Ford’s rationale in cancelling the V8 was impeccable. As the 1980’s arrived, the world was suffering its second oil crisis, and many countries were still in recession. Large cars, like the Falcon was, with large engines, like the Cleveland V8’s were, seemed like anti social dinosaurs. The competition had downsized with the European derived Commodore, a nimble, classy looking car alongside the broad shouldered, blocky Falcon and its siblings.

Giving the XD Falcon - which Ford themselves had given a Euro style as opposed to the US style of the XA-XC’s - an aerodynamic makeover; a sophisticated, engineering upgrade to its suspension and dynamics; and, most importantly, a modernised and fuel injected version of its solid straight six, seemed the logical step.

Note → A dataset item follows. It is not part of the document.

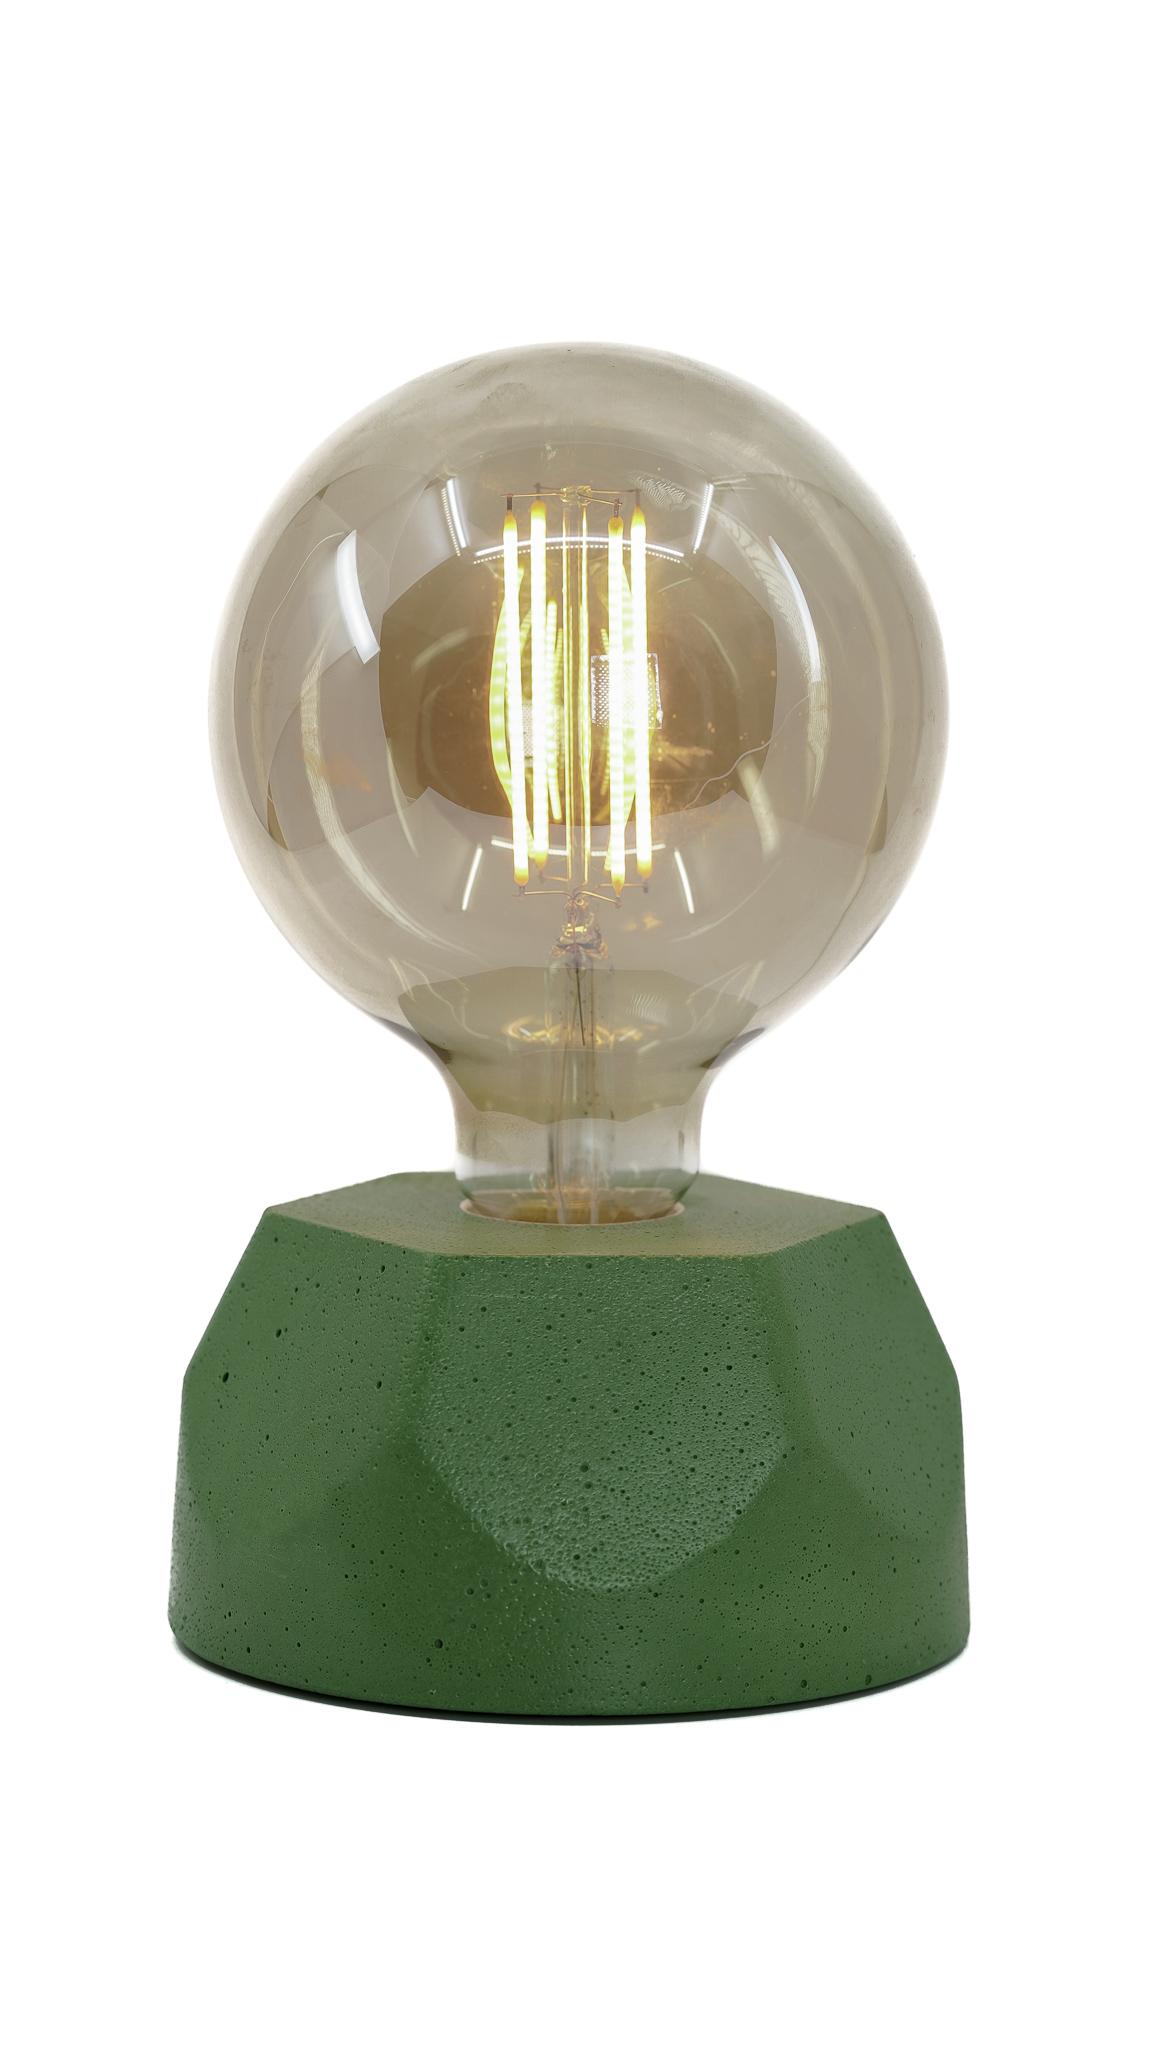 Lampe hexagone en béton vert fabrication artisanale
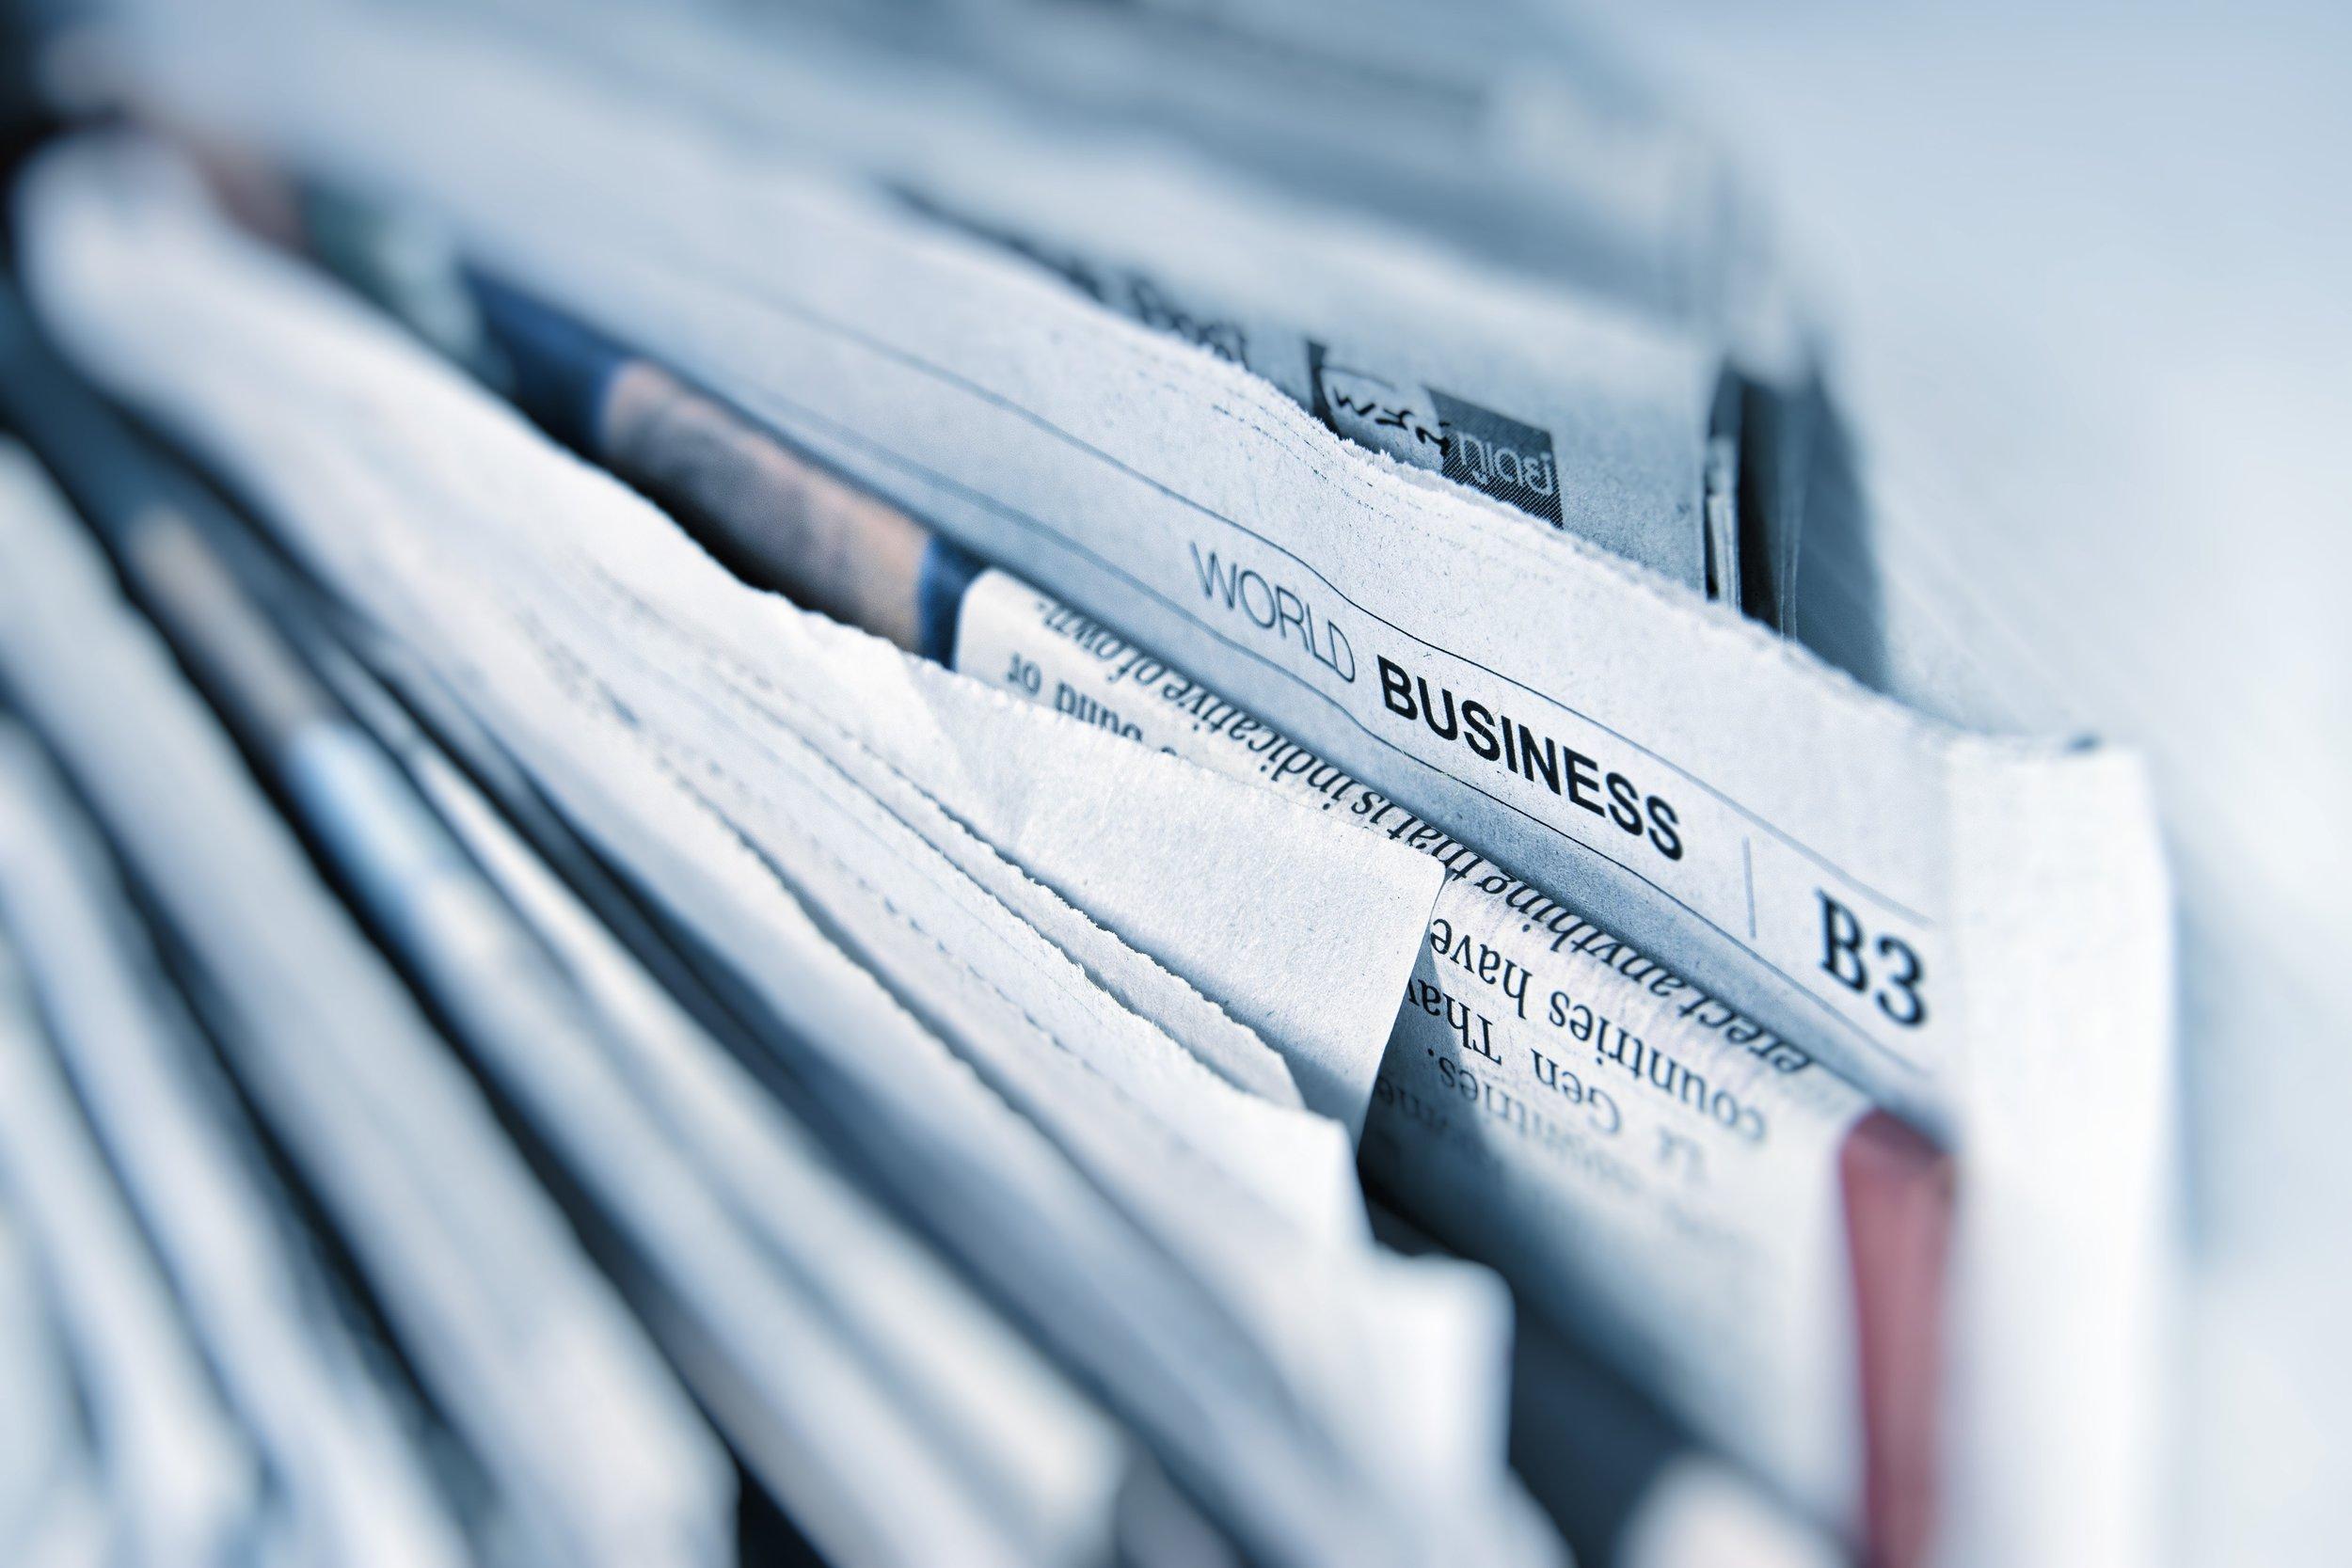 newspaperpr

Ford had the first two improvements in place for the introduction of the XE Falcon in March, 1982, but the third, the efficient and more powerful six, was still some months away. No worries. Just drop in the big old bent eight. Okay, we’re shutting down the line for other things, but we will have plenty of the old donks left to tide us through.

And then, magically, and unexpectedly, the economy got better, the oil crisis passed, and Australians started liking their big old Falcons again, and maybe, just maybe, Ford could be Number One in sales. And, em, whoops, we seem to have run out of V8’s.

The ‘last’ V8’s

Figures show that Ford registered 66,849 Falcon/Fairmonts in 1982. Figures also show that of these, 3340 were V8 powered. That is almost exactly 5%. This is a far cry from the early years of the Cleveland V8, for example, 1972 when of 77,093 XA Falcons, 23,150 were powered by the ‘new’ Cleveland V8. This is almost exactly 30%.

The six/V8 percentage figures seem to have dropped off dramatically in 1977, perhaps as a result of the improved cross flow headed six, and then plunged even more in 1980, when yet again, improvements were made to the six, this time the fitting of the alloy cylinder head. The V8’s problem may not so much have been a falling out of love with the V8 as a falling in love with the improving six.

While some of the above figures cannot be completely relied upon, and it should be remembered that 1982 Falcon/Fairmont registration figures include the last months of XD production, the figure for XE’s fitted with V8’s is known:- 2389.

You would expect that there may be some logic to how Ford fitted their V8’s to the last Falcon’s. But then again, if you have been working your way through this site, you will find that there was little logic to much of what Ford did with regard to their cars.

To understand the V8 XE’s you have to first understand that Ford built cars for the general public, and they built cars for their greatest fans, the police. By the time the XE came along, Australian police forces were very comfortable with their big, V8 powered interceptors/chasers. Hence a proportion of the V8 powered cars went to them.

Ford were also keen to use V8’s in the XE station wagon as they appreciated that many of their wagon customers needed the extra torque inherent to the V8.

And Ford also knew that they had customers who wanted big, fast, sporty optioned V8 powered cars. And for them, they refined and sold their ESP’s.

Number crunching

I am not going to produce a chart for the numbers as that is available elsewhere on the internet. Instead, there seem to be some rules for the XE V8’s that are worth following.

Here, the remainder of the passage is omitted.